Since the orbit of each element of \(N_{D}\) ends in a cycle, it follows that each cycle \(\alpha\) of \(N_{D-1}\) must produce some cycle \(\gamma\) of \(N_{D}\) when putting a \(0\) or a \(9\) at the cental position of some of the elements of \(\alpha\). And which digit should one place there? Notice that, in the tables for \(D\) odd between \(3\) and \(9\), all elements of such a cycle \(\gamma\) have digit \(0\) at the central position, or all have digit \(9\) in that position; for \(D=11\), however, in the cycle \[\{01143966780, 07622967330, 04246044660, 02398019580, 06193069740,\\ 01397030580, 07106048730, 03321988560, 03266923770, 04466042460,\\ 01958023980, 06974061930, 03058013970, 04873071060\}\] some elements of the cycle have a central \(0\) and others a \(9\). In general, if we fix an element \(n'\) of the cycle \(\alpha\) of \(N_{D-1}\), with period \(p\), the digit that is added to the central position of \(\alpha\) in order to obtain \(n\) from a cycle of \(N_{D}\) is that one which is consistent with the equality \((f_{D})^{p}(n)=n\). These remarks guarantee that the number of cycles of \(N_{D}\) is greater or equal than the number of cycles of \(N_{D-1}\).
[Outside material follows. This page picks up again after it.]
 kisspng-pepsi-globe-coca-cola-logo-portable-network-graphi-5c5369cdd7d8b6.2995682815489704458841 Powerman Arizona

But, in fact, the number of cycles in \(N_{D}\) is equal to the number of cycles in \(N_{D-1}\). This is a consequence of the following property: if we obtain a cycle of \(N_{D}\) by adding a \(9\) in the central position of a cycle of \(N_{D-1}\), then if, instead of \(9\), we add a \(0\) in that position, we do not obtain a cycle; and conversely. Let us see why.
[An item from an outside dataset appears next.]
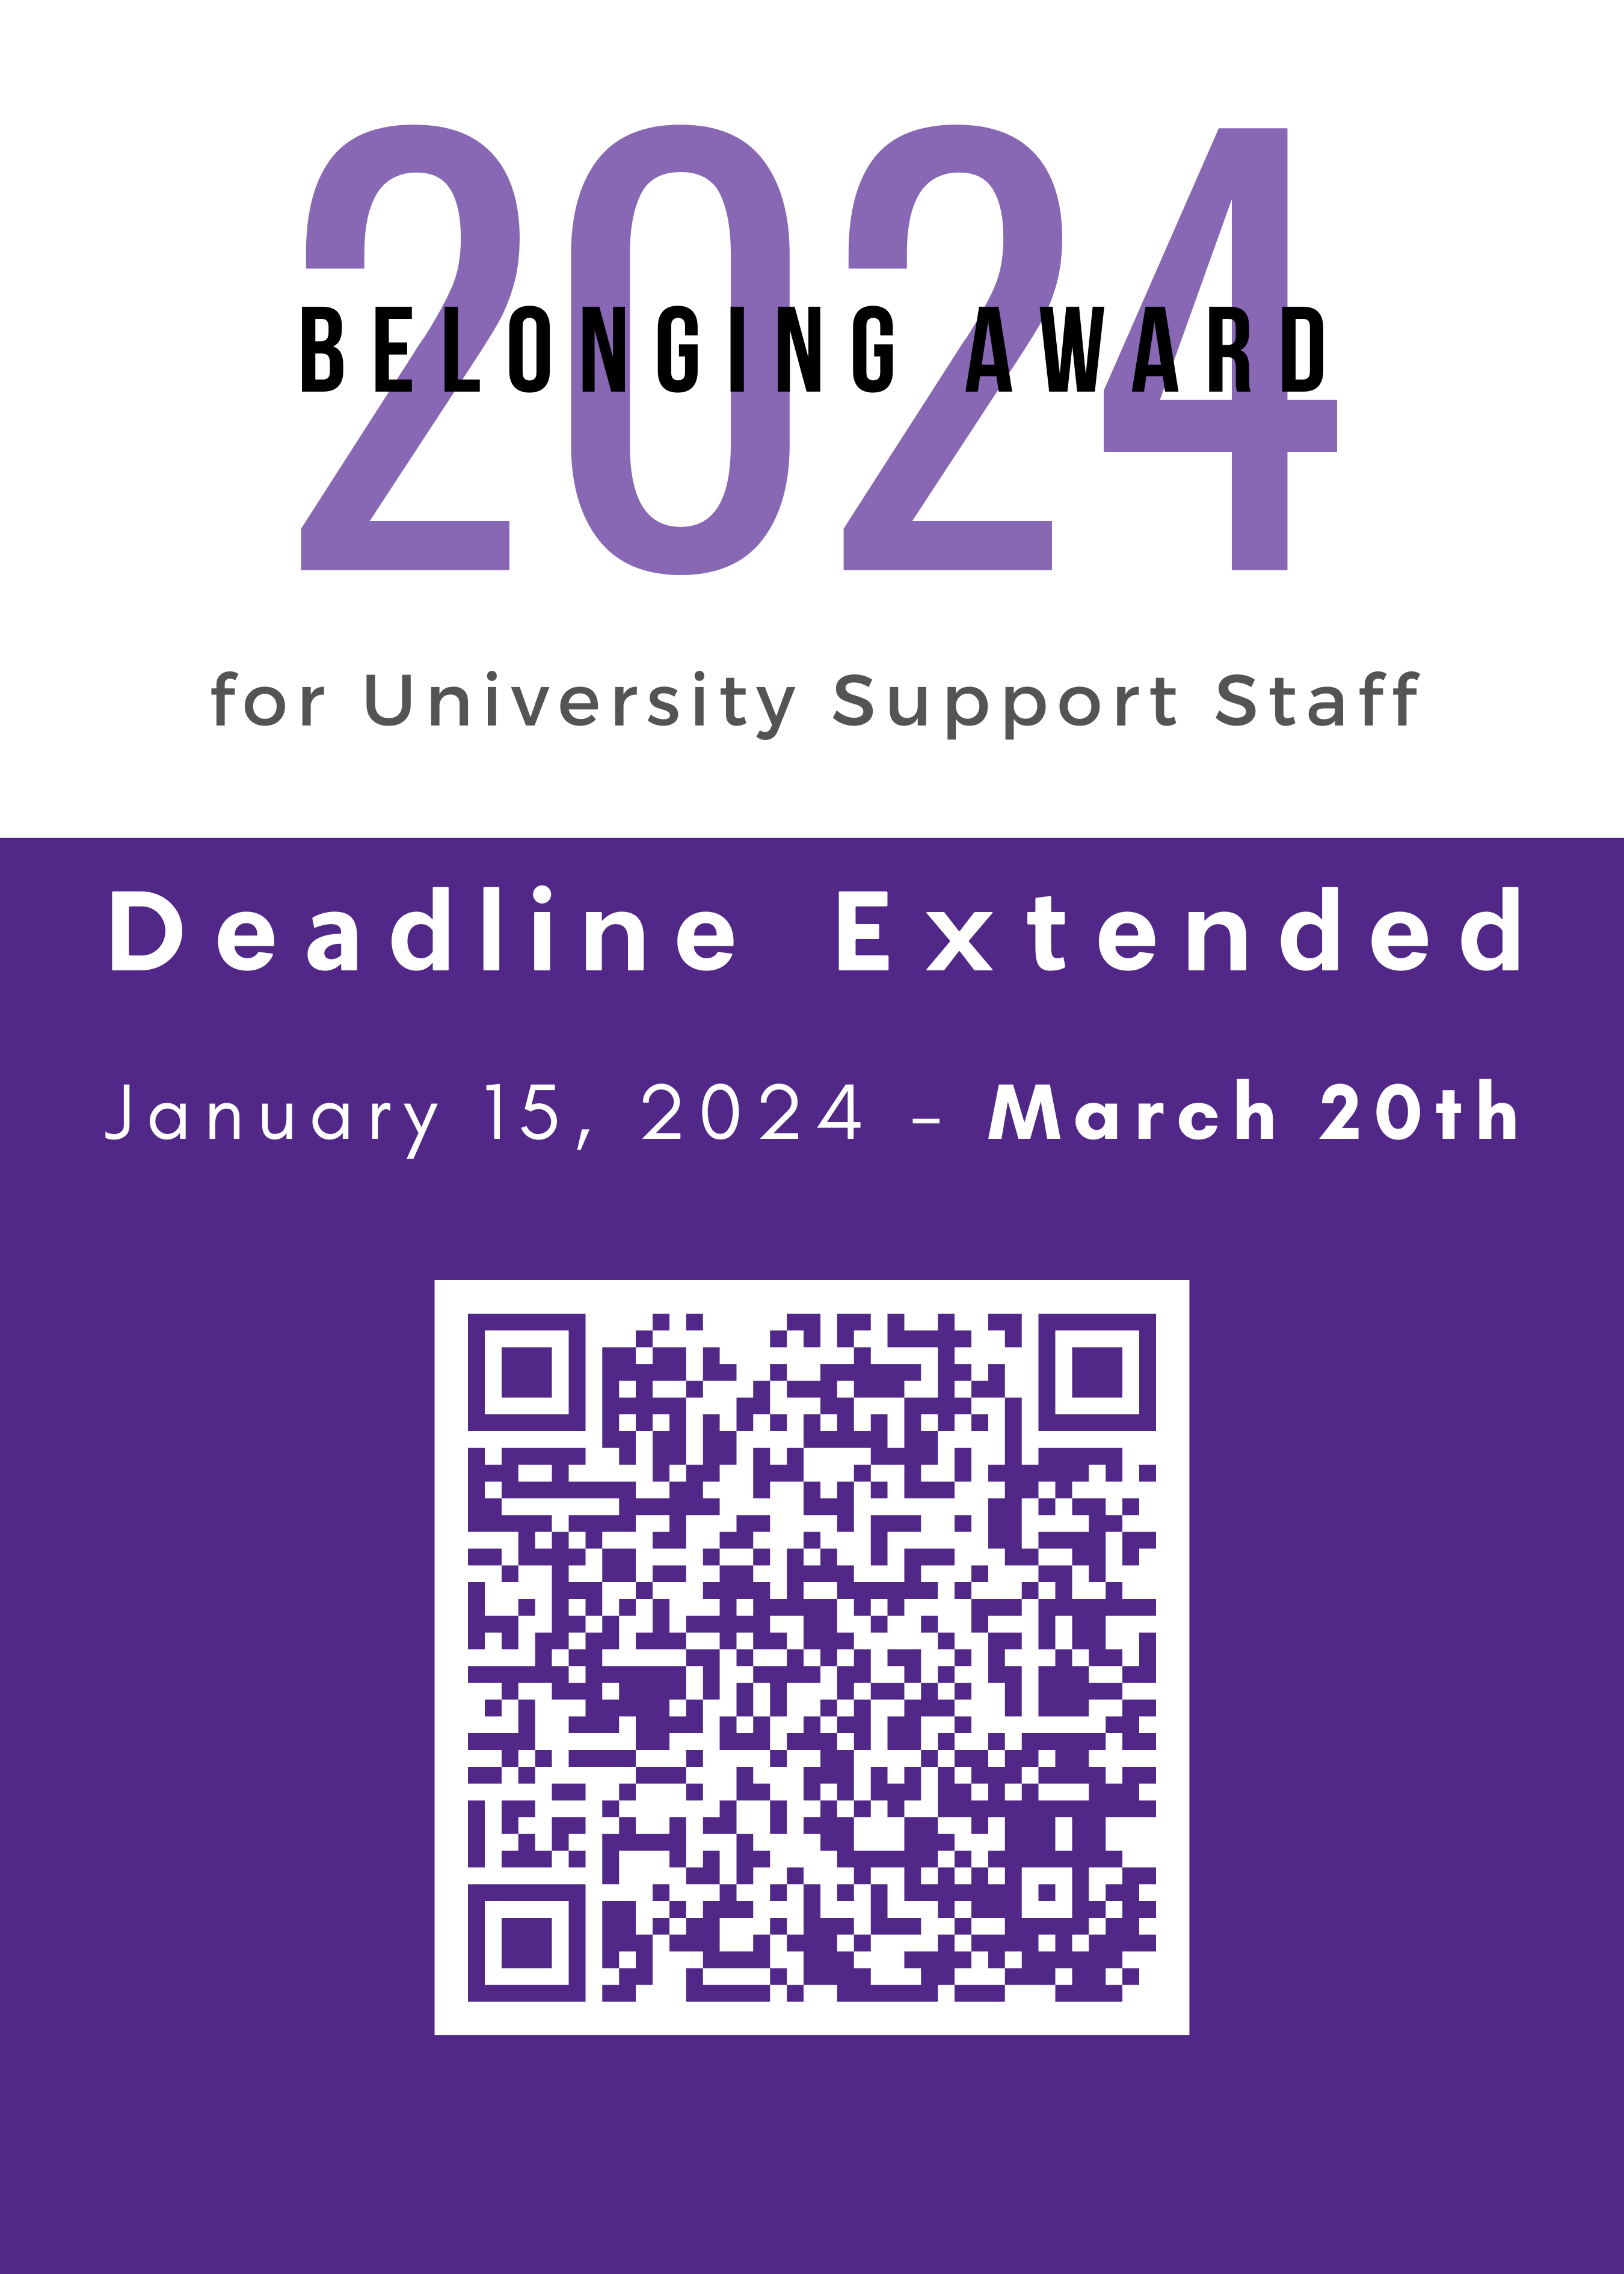 uss belonging award deadline extended

Given \(D\) odd, suppose we obtain a cycle \(\gamma\) of \(N_{D}\) \[\gamma = a_{D-2} a_{D-3} ... a_{\frac{D-1}{2}} \,c\, a_{\frac{D-3}{2}}...a_{1} a_{0}\] by adding a digit \(c\), which we already know to be either \(0\) or \(9\), in the central position of a cycle \(\alpha\) of \(N_{D-1}\), \[\alpha = a_{D-2} a_{D-3} ... a_{\frac{D-1}{2}} a_{\frac{D-3}{2}}... a_{1} a_{0}.\]

Then the central digit of \(f_{D}(\gamma)\) depends on the existence of a reminder \(1\) coming from the difference \(\left|a_{\frac{D-1}{2}} - a_{\frac{D-3}{2}}\right|\), naturally influenced by subtractions on digits placed at the right side of these ones: if the difference has a reminder, then the central digit of \(f_{D}(\gamma)\) is \(9\) independently of the value of \(c\); if there is no reminder, then it is \(0\), whatever the value of \(c\). This indicates that, if \(c=9\) and, instead of \(9\), we had placed a \(0\) at the central position of \(\alpha\), we would obtain, applying \(f_{D}\), the same value \(f_{D}(\gamma)\). That is, that other element of \(N_{D}\) is in the preimage of \(\gamma\), it does not give a new cycle. A similar argument is used if \(c=0\), thus showing that each cycle of \(N_{D-1}\) generates one and only one cycle of \(N_{D}\).